Rossamund thought of the sparrow he had startled, pecking at the grate, and smiled. He did not know what help these little agents of the Duke of Sparrows might be-if that was indeed what they were.What did that kind of attention mean? He wanted to believe that goodly urchin-lords existed, that Numps was well looked out for, but the old common suspicions persisted.
A distant rataplan of the drums meant that mains was at an end and confinations about to begin.

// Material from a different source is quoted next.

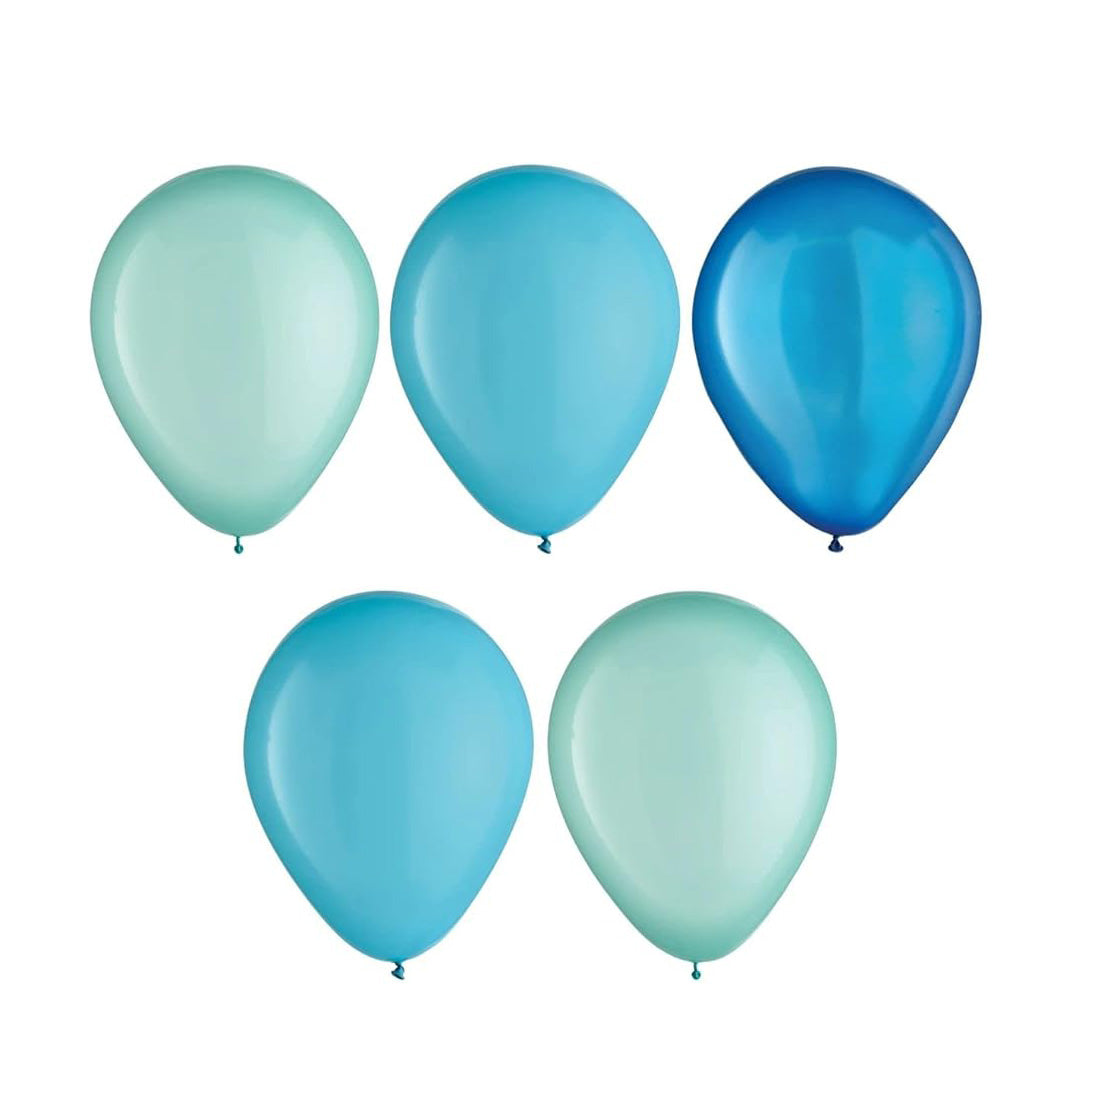 Aqua Blue Latex Balloons Assortments 11in 15pcs

"I must go, Mister Numps. We will both write to Mister Sebastipole, yes?"
"Yes."
"And you'll stay safe and secret, yes?"
"Yes."
Rossamund wanted to hug the glimner, but shyness and the grate prevented him. Instead he just stared into Numps' melancholy eyes, and the man stared back.

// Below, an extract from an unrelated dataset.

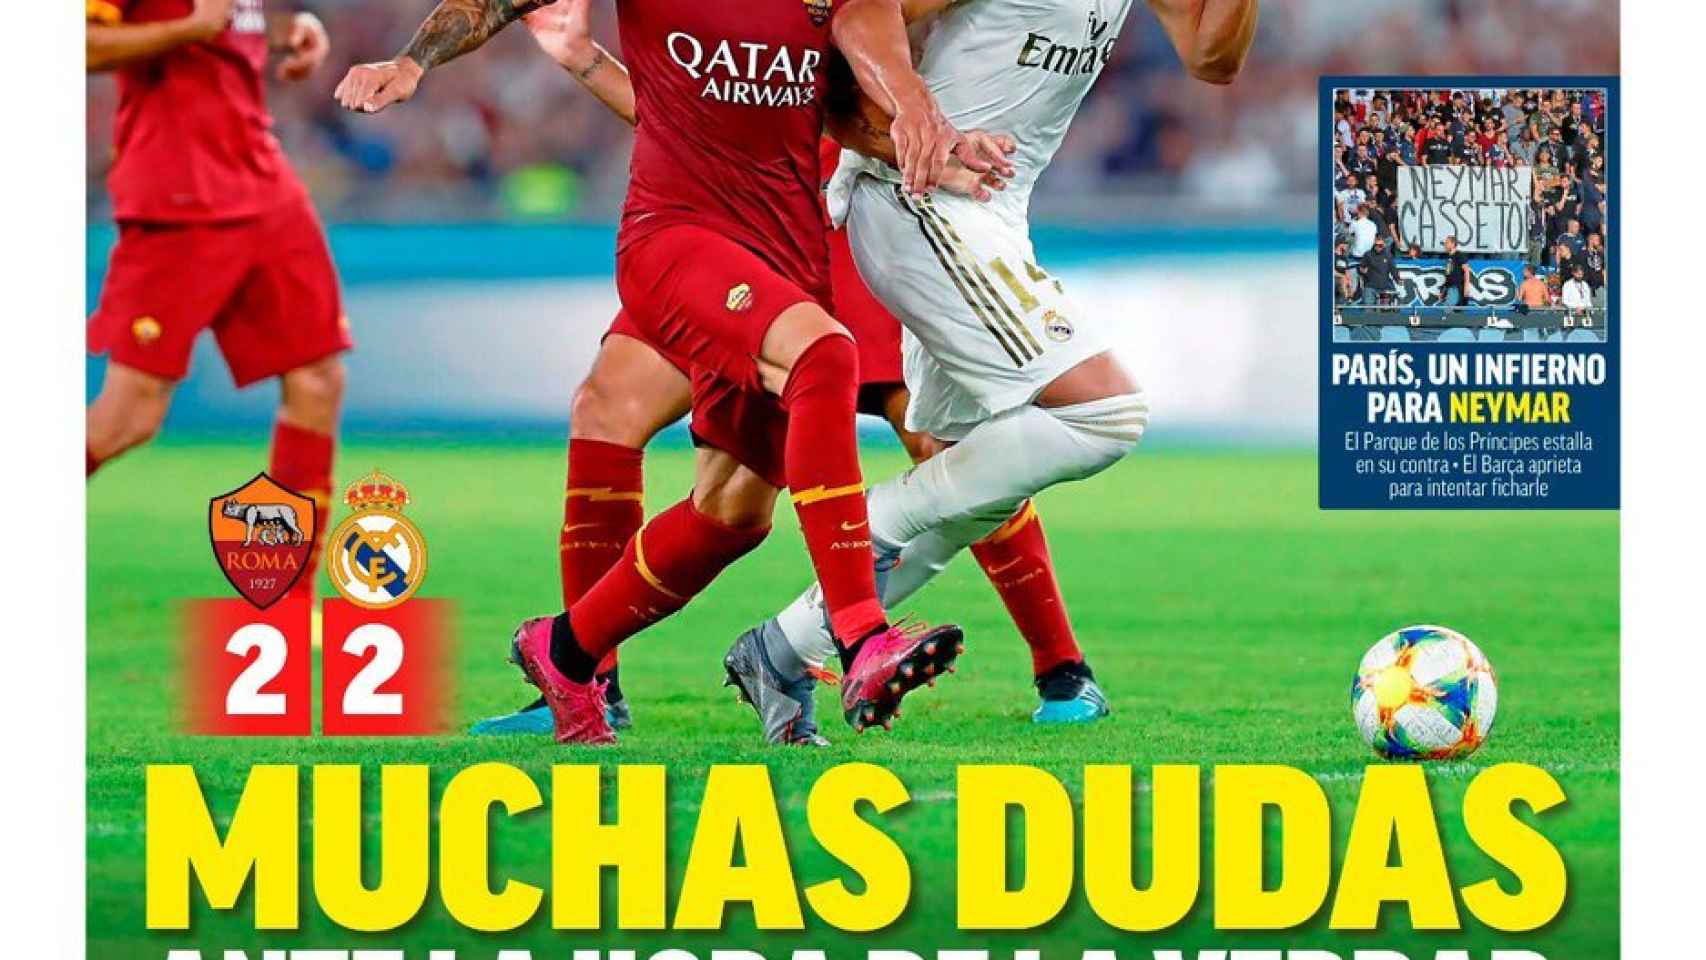 La portada del diario MARCA (12/08/2019)

"Good-bye!" The prentice reluctantly turned to leave.
"Good-bye, Mister Rossamund," he heard the glimner call behind him. "Numps won't forget his new old friend-don't you forget him…"
"Never, Mister Numps!"
Heavy with fear for the glimner's fate, Rossamund ran back to the manse. For the rest of confinations he packed, stowed all he had ever possessed and prepared himself for leaving at first light. In the last few moments before douse-lanterns he lay on his cot and with his stylus hastily scratched out a letter on a blank page torn from the back of the peregrinat.
To Mister Sebastipole
Lamplighter's Agent amp; Falseman to the Lamplighter-Marshal of Winstermill
Epistra Scuthae
The Considine
The Patricine
2nd Heimio HIR 1601
Dear Mister Sebastipole,
I have no certainty this will make its way to you, but I try anyway.
I write to you, Mister Sebastipole, on the last night of my prenticing in Winstermill, for since you left with the Marshal, the Master-of-Clerks has taken all in hand and declared Billeting Day early. Tomorrow I travel to the cothouse of Wormstool. But it is not this that troubles me. It is rather Mister Numps that I am worried for.The Master-of-Clerks (he calls himself the Marshal-Subrogat now) destroyed Mister Numps' bloom (the stuff he was growing down in the deserted undercroft) the very day you departed, and Mister Numps (as I am sure you can well imagine) was sorely troubled. I managed to save a little part of it, but the baths are shattered and most of the bloom is dead. I fear for Mister Numps, that he isn't safe with only the good Doctor Crispus to watch out for him.Would there be any way you can help him, or even get him away from the manse?